Head's Up! These forums are read-only. All users and content have migrated. Please join us at community.neo4j.com.
11-20-2019 05:04 PM
I'm having some trouble understanding the WITH
clause, when used with aggregation functions like count()
.
I tried using this query from the Cypher ref card as an example -
MATCH (user)-[:FRIEND]-(friend)
WHERE user.name = $name
WITH user, count(friend) AS friends
WHERE friends > 10
RETURN user
What is the purpose of count(friend)
in this query? Is it just counting all the end nodes which are connected to the given user with the FRIEND
relationship? If so, why is the query returning the given user node? Because we already know who the starting user is.
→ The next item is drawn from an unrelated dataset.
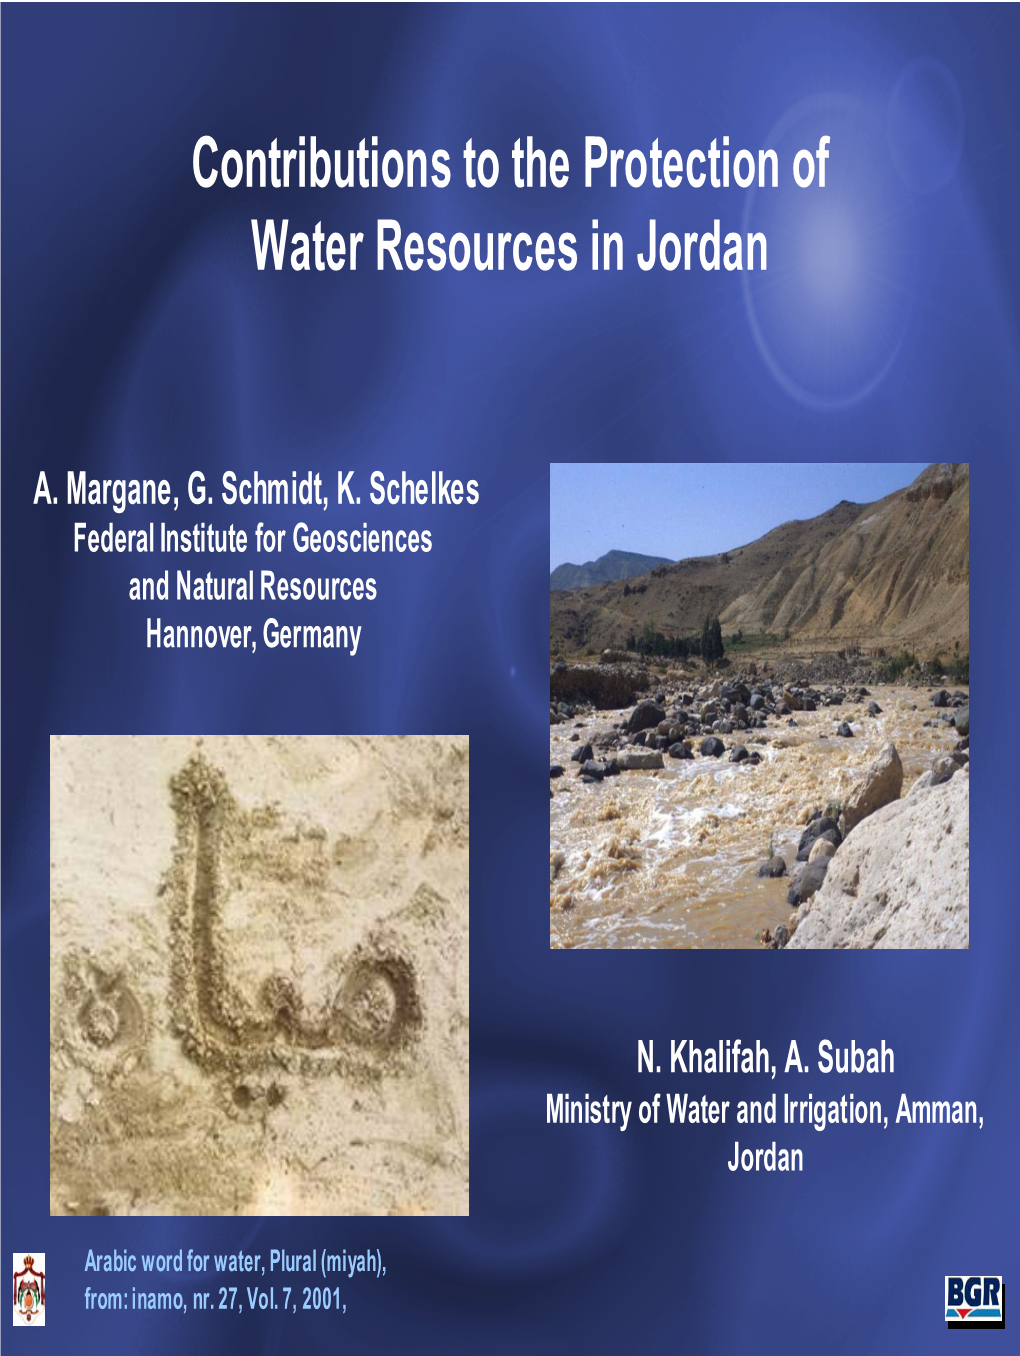 Contributions to the Protection of Water Resources in Jordan (PDF, 6

I tried loading the "movies" graph in Neo4j, to run similar queries. Then, I modified the above query for the movies graph, like so -
MATCH (h:Person{name:"Tom Hanks"})-[r:ACTED_IN]->(m:Movie)
WITH h, count(m) as movies
WHERE movies > 3
RETURN h, movies
This is what the query returns -
╒════════════════════════════════╤════════╕
│"h" │"movies"│
╞════════════════════════════════╪════════╡
│{"name":"Tom Hanks","born":1956}│12 │
└────────────────────────────────┴────────┘
In theory, I understand what this query is doing - return a count of all movies where Tom Hanks "acted in", if they are greater than 3. But in terms of the query and the aggregation function, what is count(m)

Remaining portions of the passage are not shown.